Чтение возобновилось с роскошной белой тетради в твердой обложке, с золотой надписью на латыни: «подобное не есть то же самое». Открыв книгу, я увидел яркую фотографию женщины в белом платье, сидящей на открытой клетке на фоне синего неба. Ветер завесил ее лицо рыжими кудрями, но я все-таки узнал Милен Фармер. На правом форзаце большая картинка с изображением парящего в небе орла. Открыв первую страницу, я нарвался на черно-белую фотографию красивой девушки в грубом вязанном свитере, с запутанными волосами и закрытыми глазами, с сигаретой в руке. Все картинки большие и наклеены под углом.
«1 января 2003.
Настя и Катя собрались к братьям, уговорили меня поехать с ними. У братьев была та самая девушка, что и в сентябре. Зовут ее Надя. Настя потом сообщила, что раньше она гуляла с Копфшуссом, а теперь, видимо, спит с Владом. Я зря приехала, все, как я и предполагала: Настя говорила с Владом о религии, Катька с Егором – о музыке, а я только занимала место и лишала компанию порции чая. Когда мы ушли, почувствовала невероятное облегчение, а дома на меня опять накатила грусть-тоска, пустота и сознание собственного ничтожества».
Больше они с Владом, вероятно, не виделись в том году, но она часто о нем думала и много записывала. Однако не так меня интересовала любовь юного создания к этому странному типу, как прочие размышления. «Я сильно прикипаю к близким людям, но таких немного – каждый встречный во мне подобных чувств не вызывает, и даже желания прикипать к кому-то у меня нет. Но если уж случилось – всерьез и надолго». Мне захотелось увидеть этих людей. Какие они? Что она в них находит? Что заставляет радоваться им и дорожить общением с ними? Или, к примеру, этот Влад. Я так и не уяснил, что произошло между ними – осталось ли это в сожженных дневниках или вовсе ничего не было? Я видел его фотографии, вклеенные в некоторые тетради, – распечатки на цветном принтере. Я смотрел и не мог понять, чем он ее пленил. Тощий, длинноволосый парень с вытянутым лицом и надменным взглядом. Не сказать, что таких тыщи – чем-то он, действительно, выделяется из толпы подобных, но высокомерие в глазах портит благоприятное впечатление.

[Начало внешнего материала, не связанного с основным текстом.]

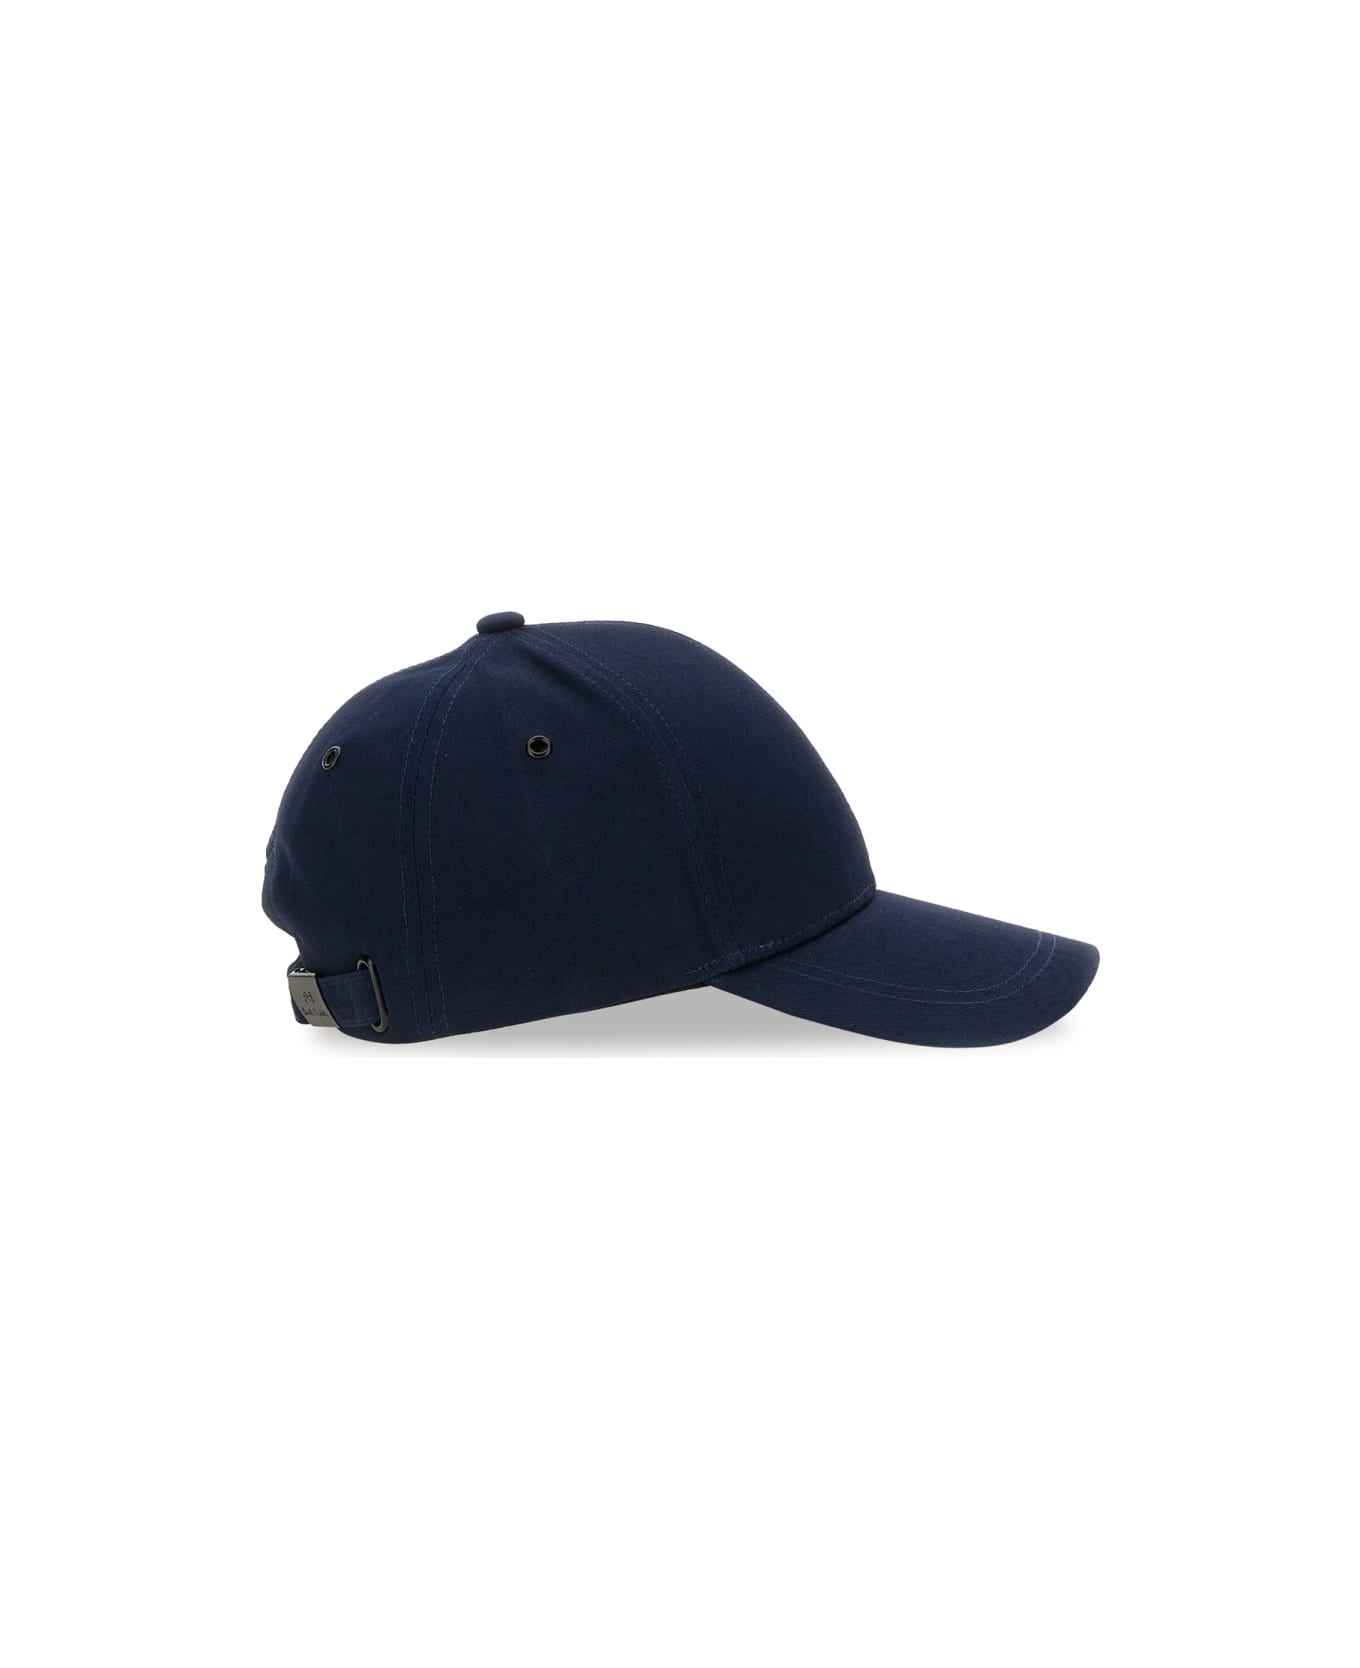 PS by Paul Smith Baseball Cap With "zebra" Logo - BLUE 帽子

На фотках он в основном в ролевых прикидах, что само по себе необычно, но посмотреть бы на него в повседневной жизни, и желательно сейчас, а не в 2003м году. Машиных фотографий тех лет я не видел и не могу судить, сильно ли она изменилась.

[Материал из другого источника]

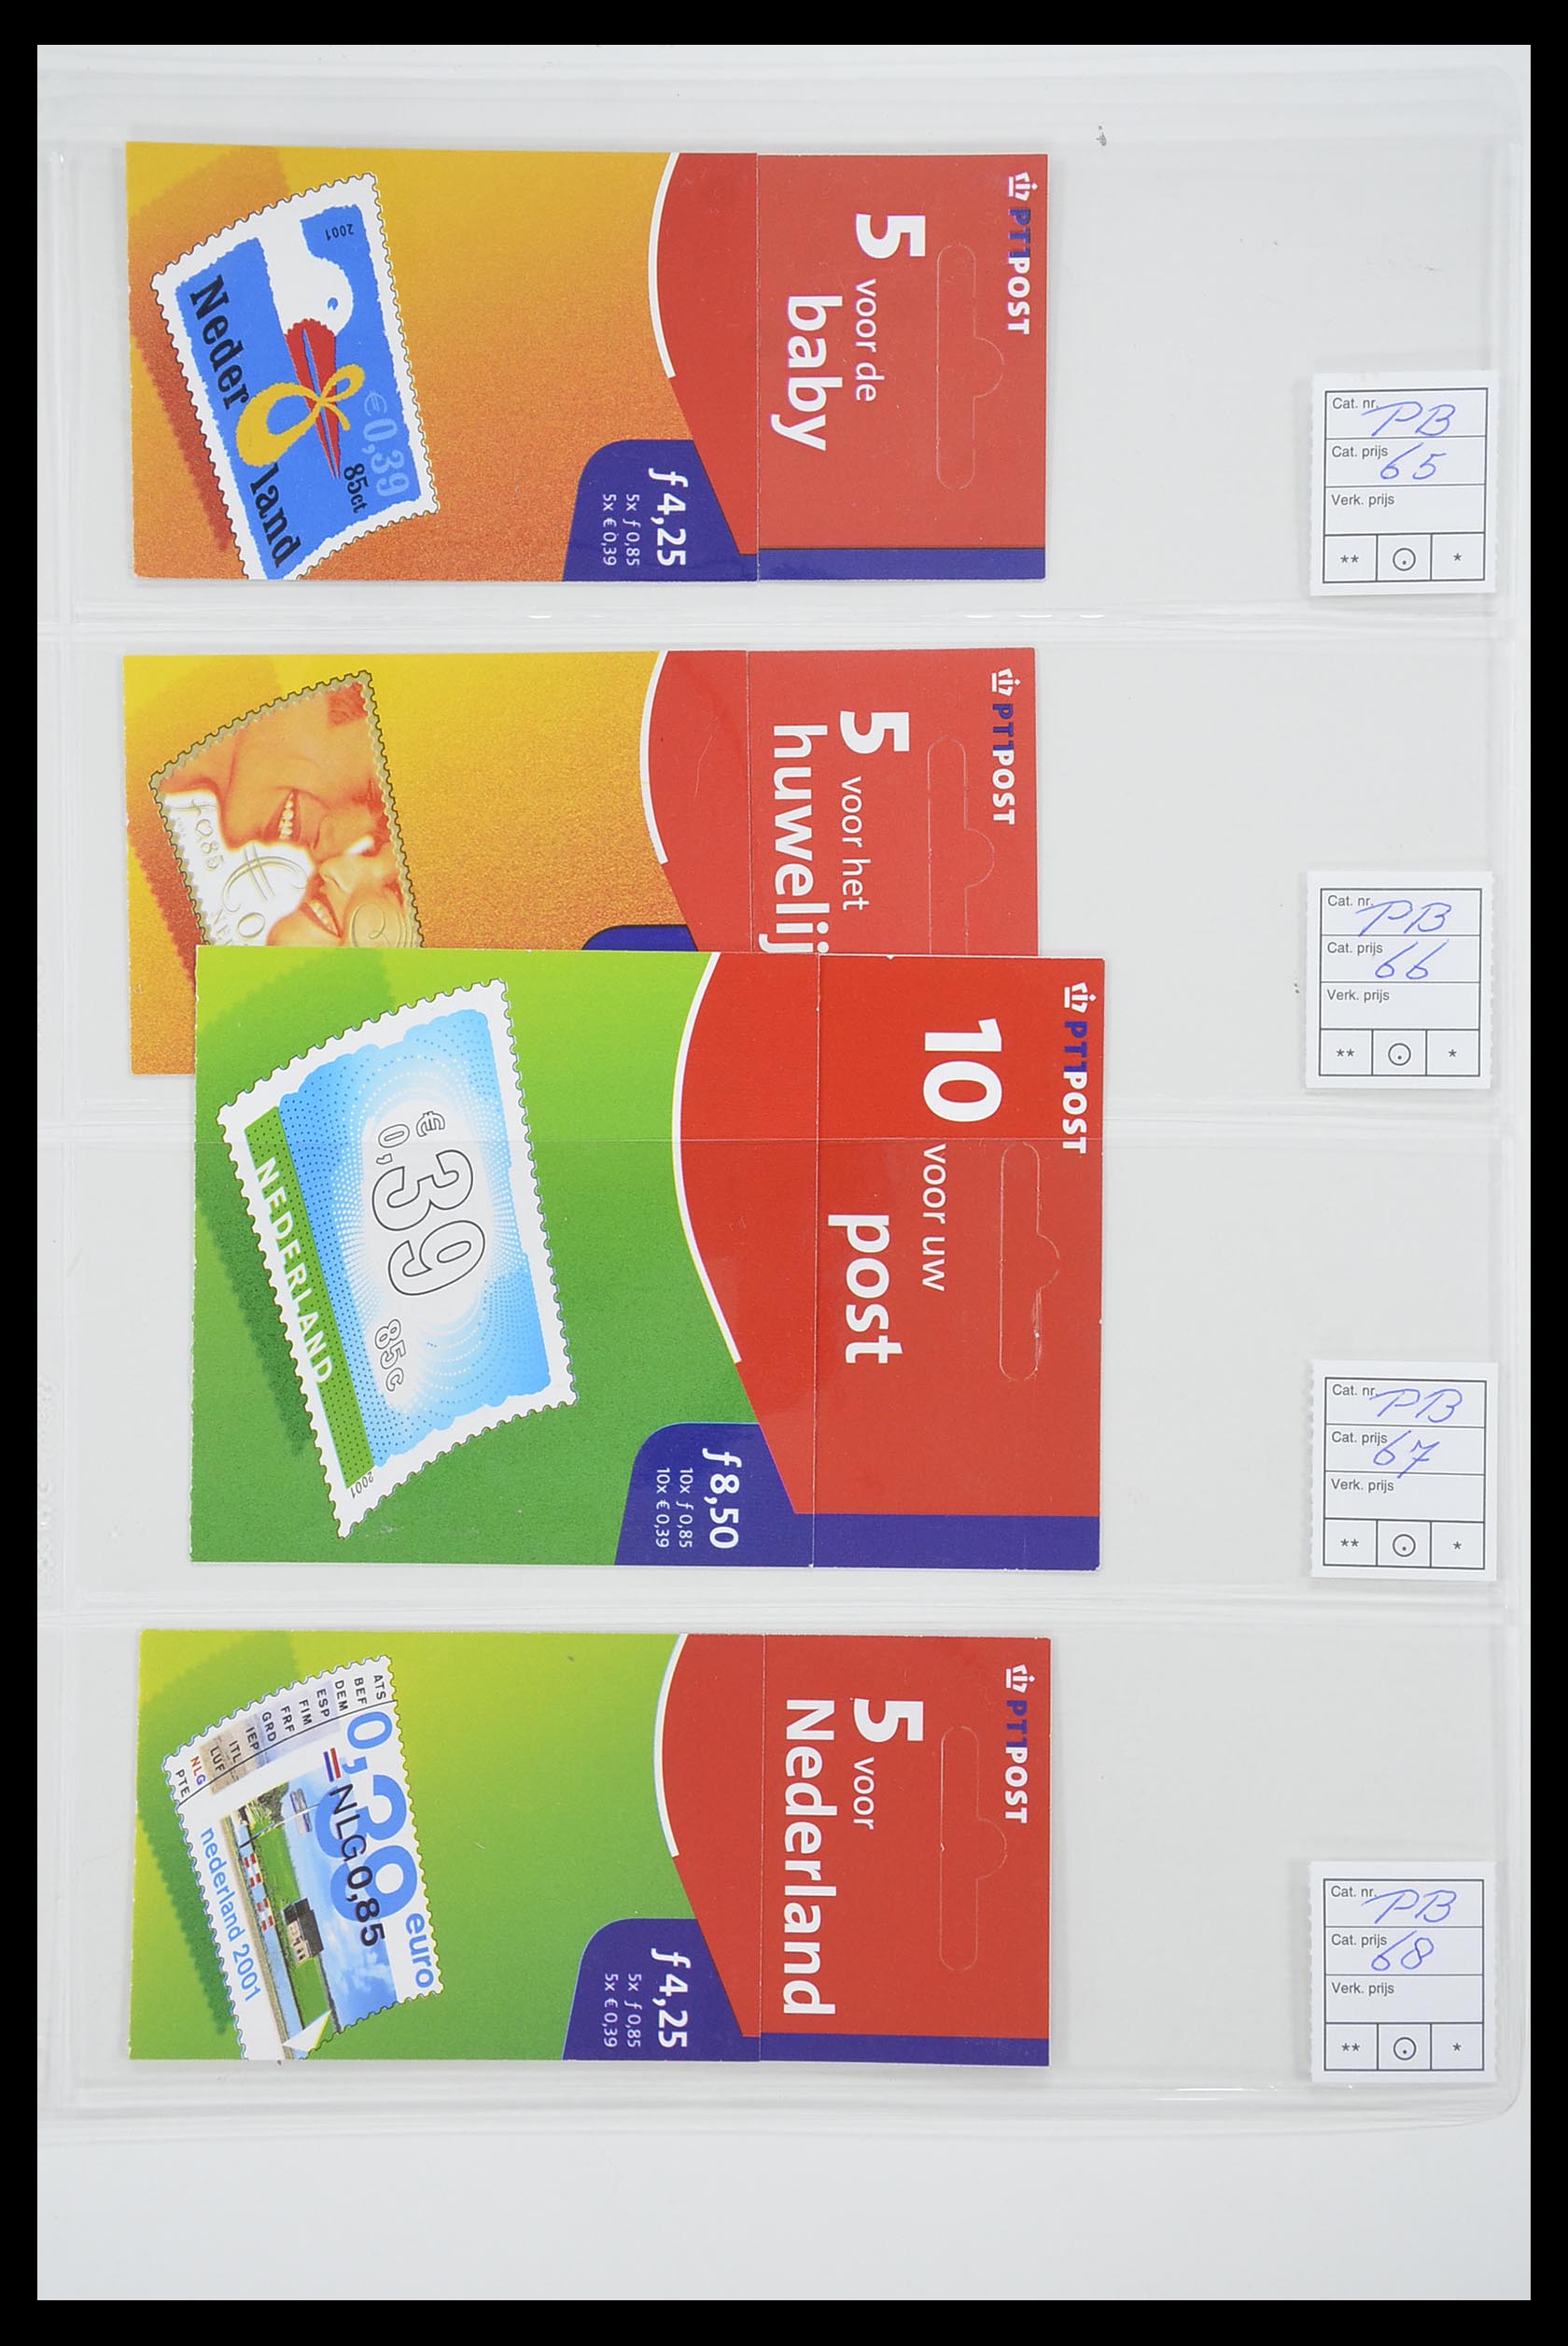 33815 077 - Stamp collection 33815 Netherlands stamp booklets 1964-2001.

Всю ночь я читал маниакально-депрессивные записи в веселой тетради с тремя толстыми медведями. Первый чесал затылок, раздумывая над всплывающим вверху вопросом: «что в жизни самое важное?» Справа сидел второй и, гладя себя по животу, отвечал: «полное брюхо», а третий, внизу обложки, лежал пузом кверху, закрыв глаза, и думал: «и хороооший сон!» Обложка мне так понравилась, что захотелось ее отсканировать, но я и представить себе не мог, насколько она не соответствует содержанию. Разумеется, откуда автор дневника мог знать, как сложится жизнь, выбирая тетрадь для записи?

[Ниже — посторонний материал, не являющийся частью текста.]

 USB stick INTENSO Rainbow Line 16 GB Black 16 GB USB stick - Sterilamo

Написано все как на одном дыхании, точнее, на срыве, читалось взахлеб, и многие мысли я нашел привлекательными для себя теперешнего, а некоторые – созвучными с собой тогдашним. В следующей тетради дневник занимал лишь конец, остальное – рисунки, планы, стихи, короткие рассказы, которые я тоже прочел. Каждый датирован, и при наличии дневника есть возможность понять, чем тот или иной опус был навеян. Хотя, несильно помогло. Машины образы не всегда понятны, а мысли бродили от действительности дальше, чем я мог себе представить. Каждый очерк занимал листа четыре и содержал эмоциональное напряжение, заменяющее сюжет в привычном его понимании. Главный и часто единственный герой именовался «ты» или «он». Эти записи можно было бы назвать размышлениями или рассуждениями, если бы каждое развивало только одну тему и если бы мысль была очищена от образности и выражена простыми словами или того хуже – научными терминами. Машины рассуждения сплетены из двух-трех порой несопоставимых идей, обернуты в насыщенные образы с привлечением неприметных фактов из жизни. Если приглядеться, фабула выглядела классически, с завязками и развязками, и неизбежно приводила к чему-то. Действие происходило в сознании героя, действующим лицом была мысль, оживленная поэтичной образностью, а сухое рассуждение превратилось в остросюжетный триллер. Мне нравились выводы, которые делал герой, нравилось, как умел к концу справиться с собой. Но трудно поверить, что двадцатилетней девушке приходилось снова и снова преодолевать этот путь. Не надо быть семи пядей во лбу, чтобы понять, о ком она пишет. Но почему «он»? Даже когда это был «ты» – именно был. И правда – девушка с такими размышлениями не ассоциировалась.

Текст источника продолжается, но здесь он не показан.